---- Supplied data

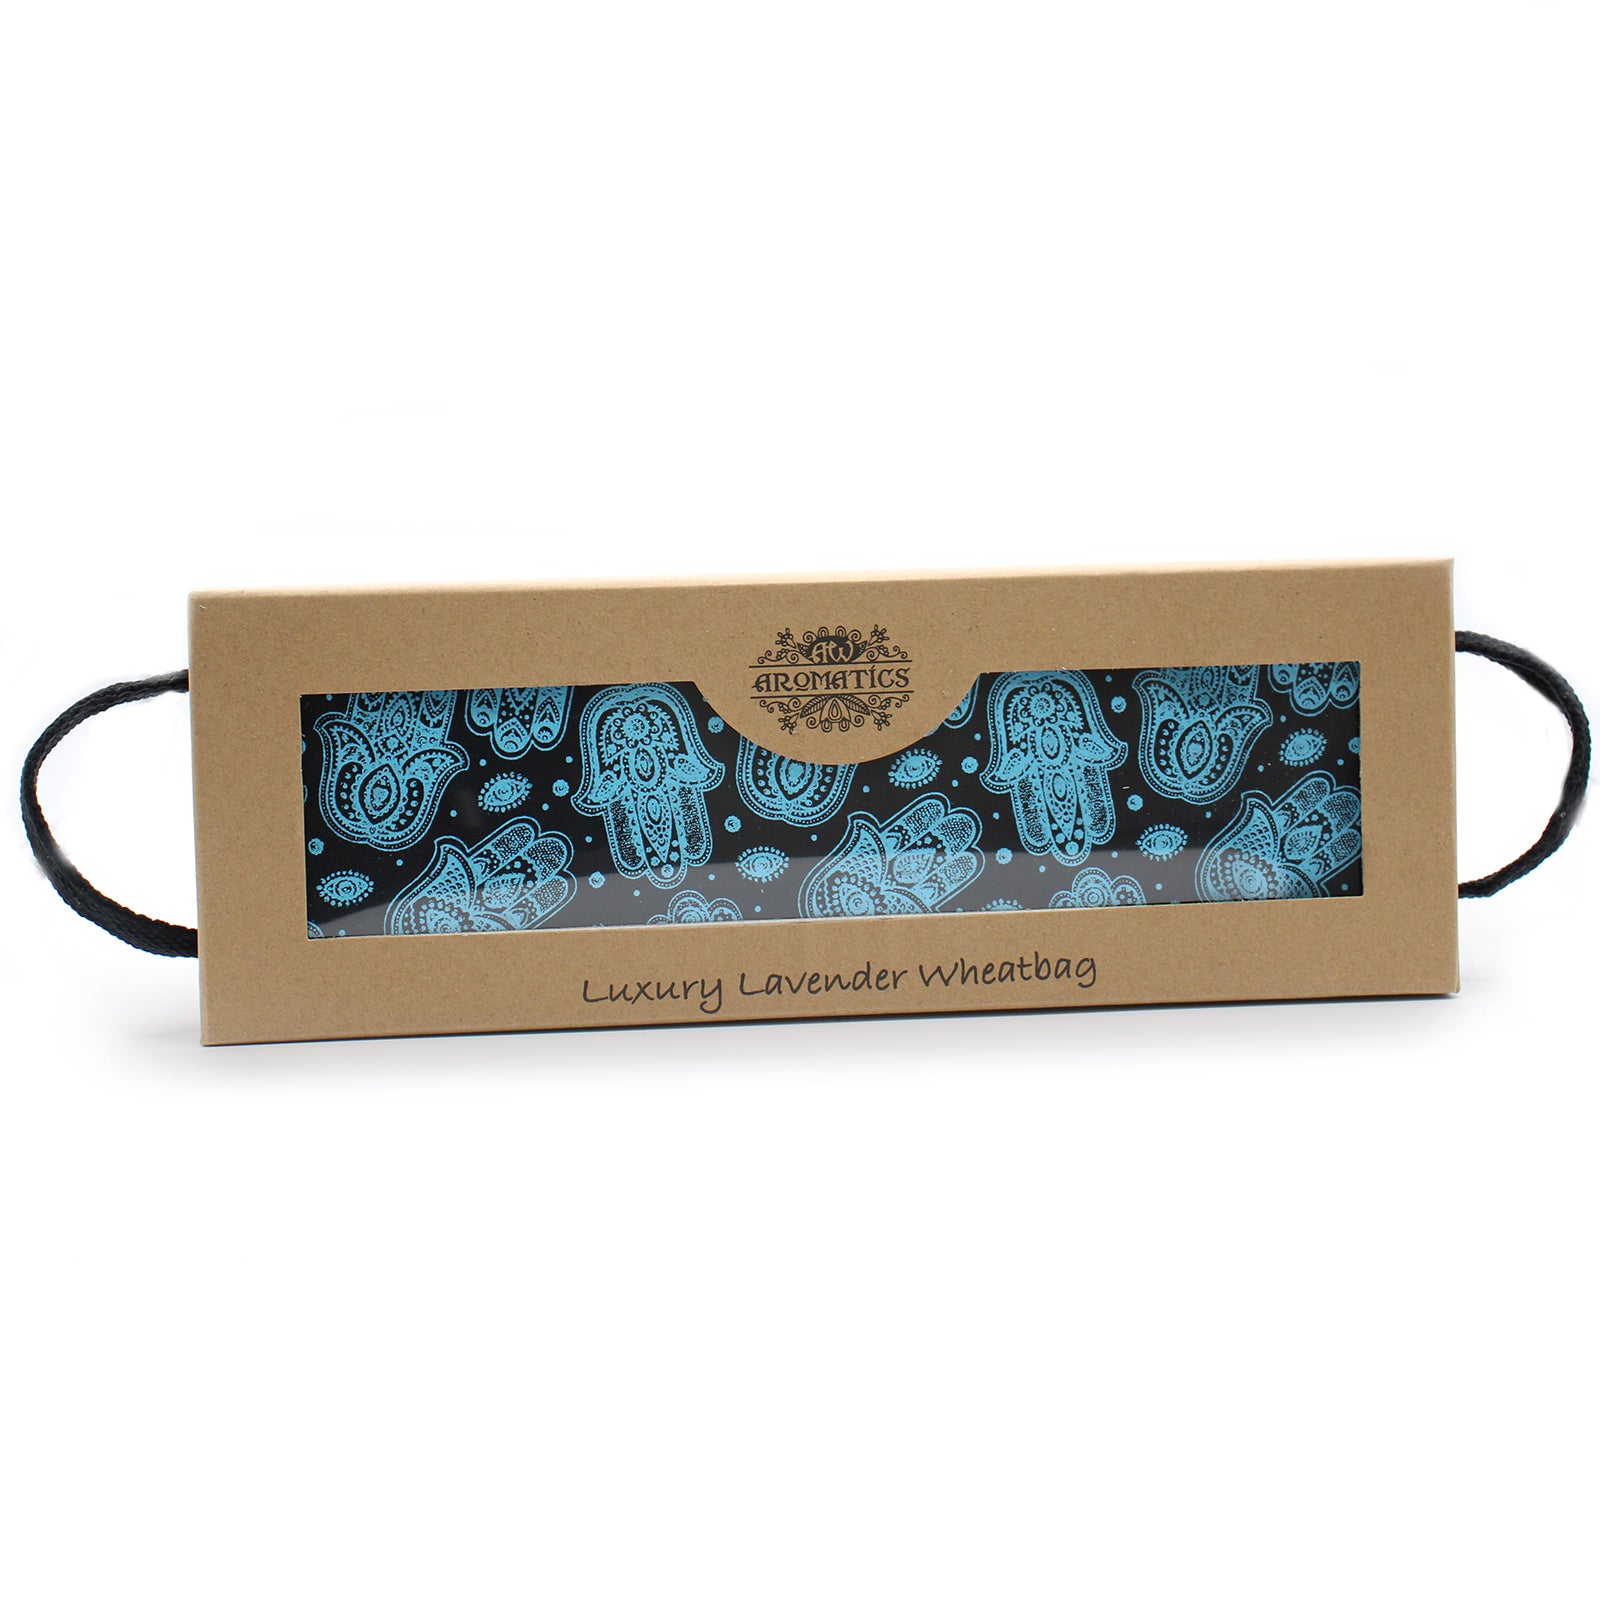 Luxury Lavender  Wheat Bag in Gift Box  - Hamsa
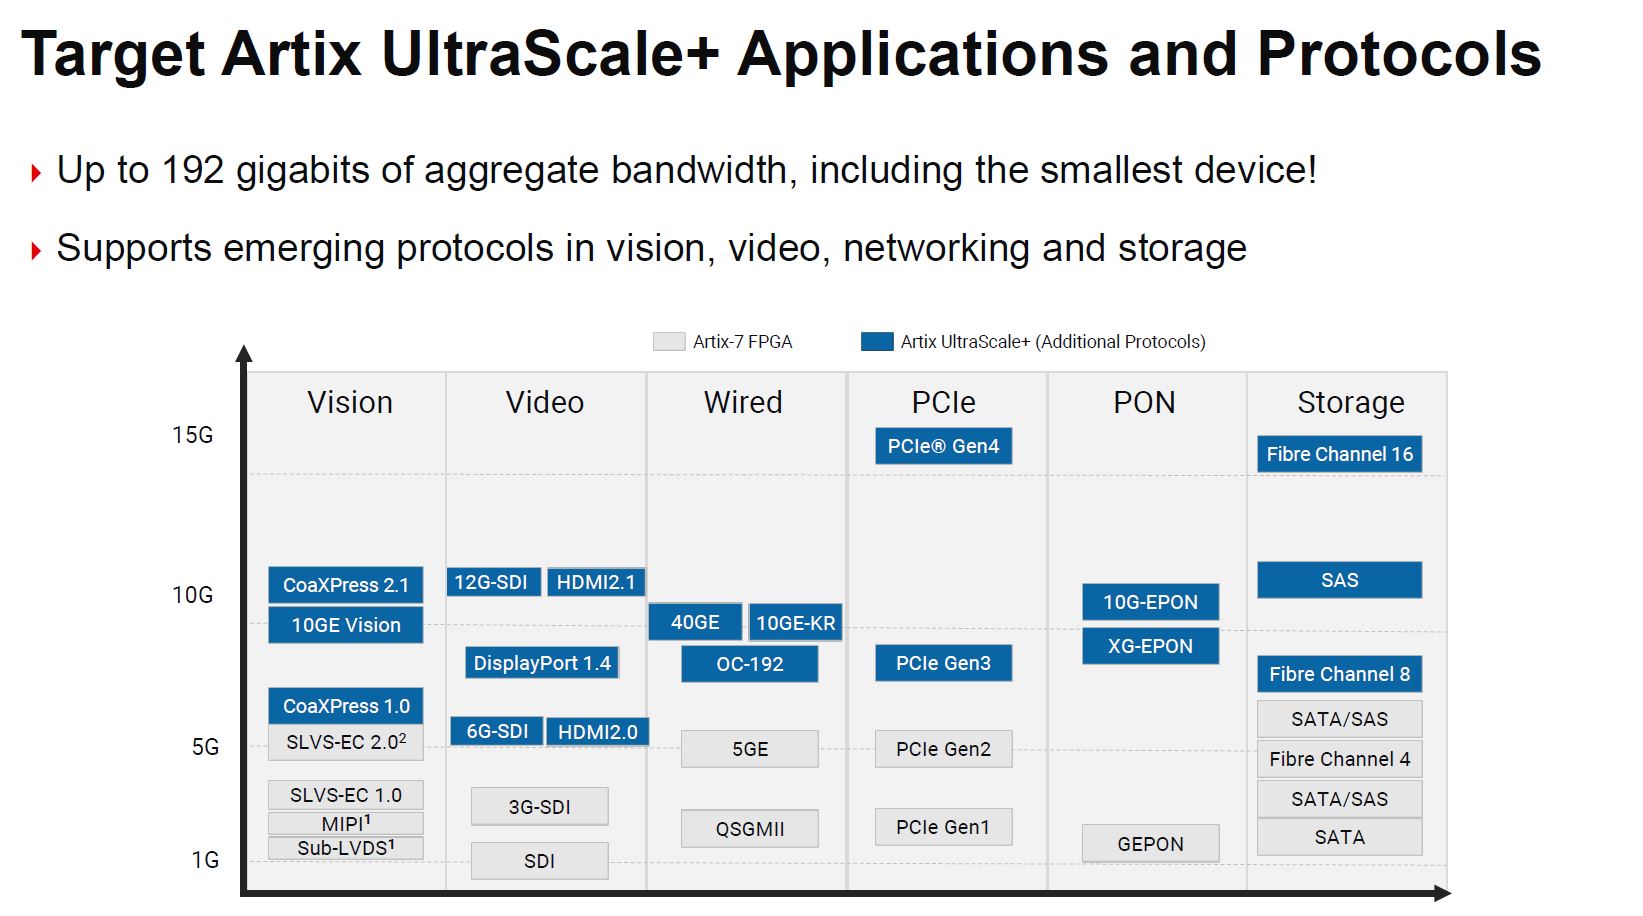 Xilinx Artix UltraScale+ Capabilities
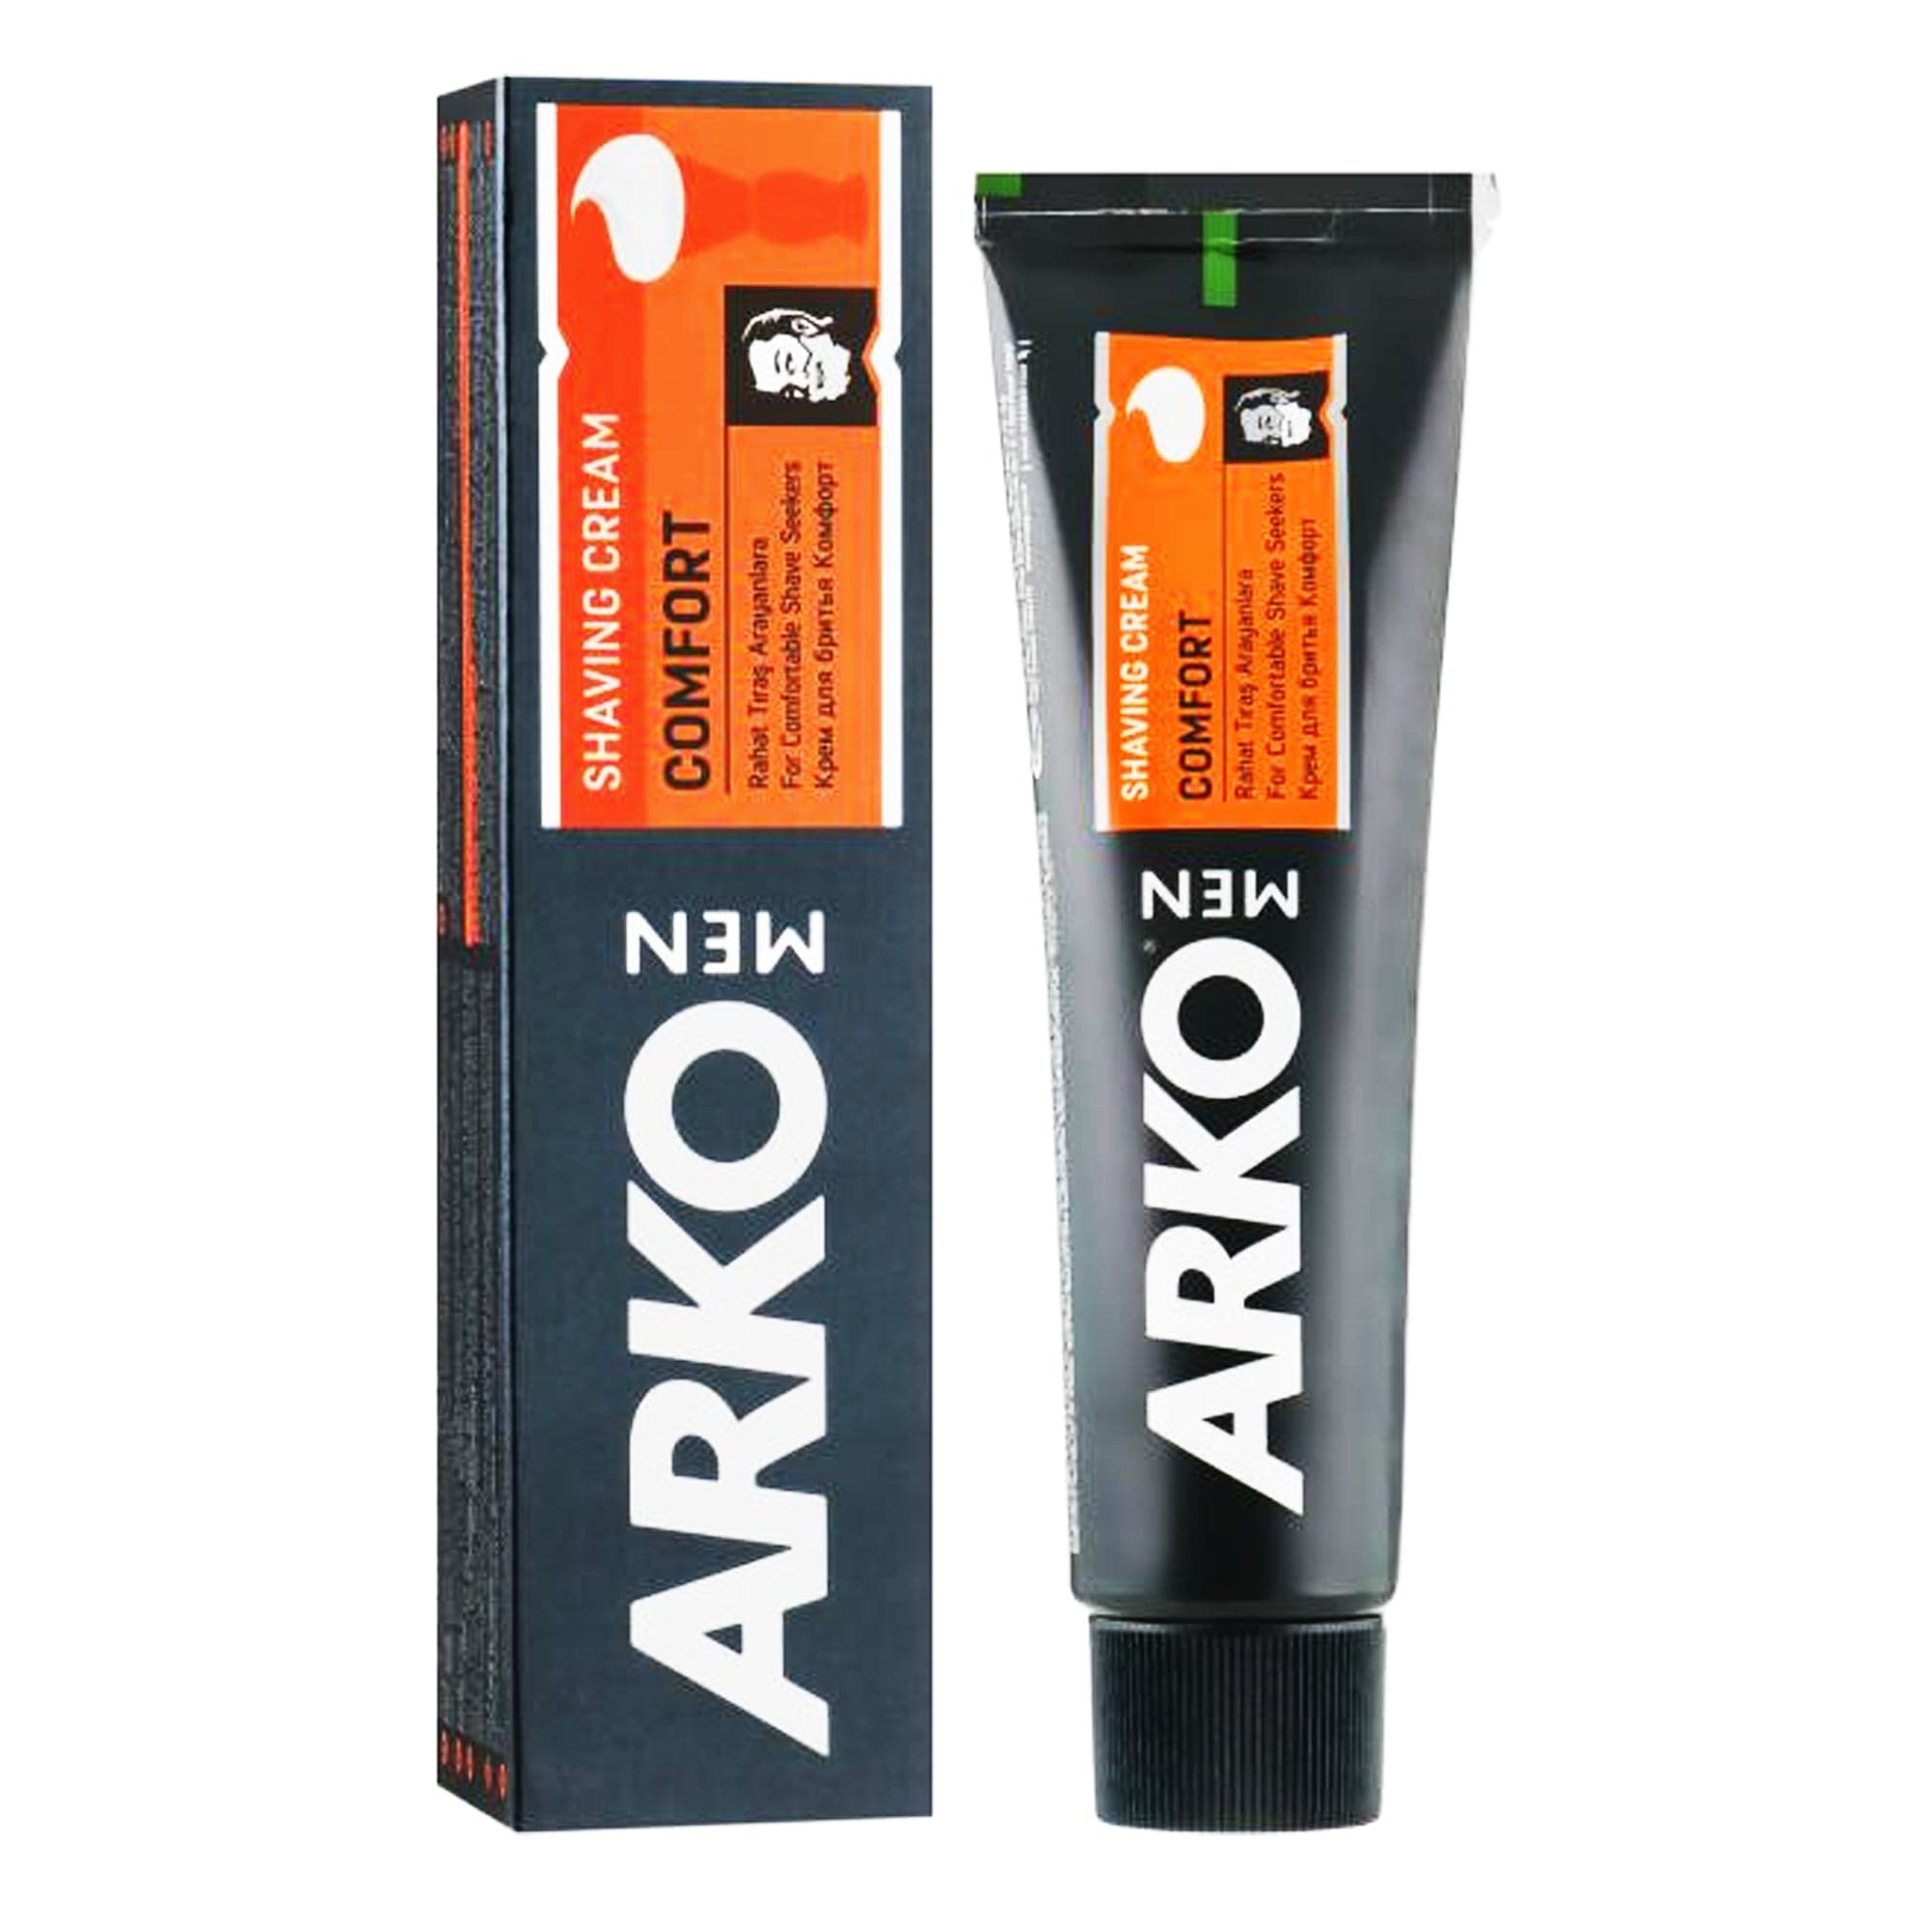 Arko - Men Shaving Cream Comfort 100g

--------

- Exercise -
At the line containing "Xilinx Artix UltraScale+ Capabilities", start reproducing exactly, and stop after the last line of the listing; include both ends, and leave the pictures out.

- Result of this task -
 Xilinx Artix UltraScale+ Capabilities
 Arko - Men Shaving Cream Comfort 100g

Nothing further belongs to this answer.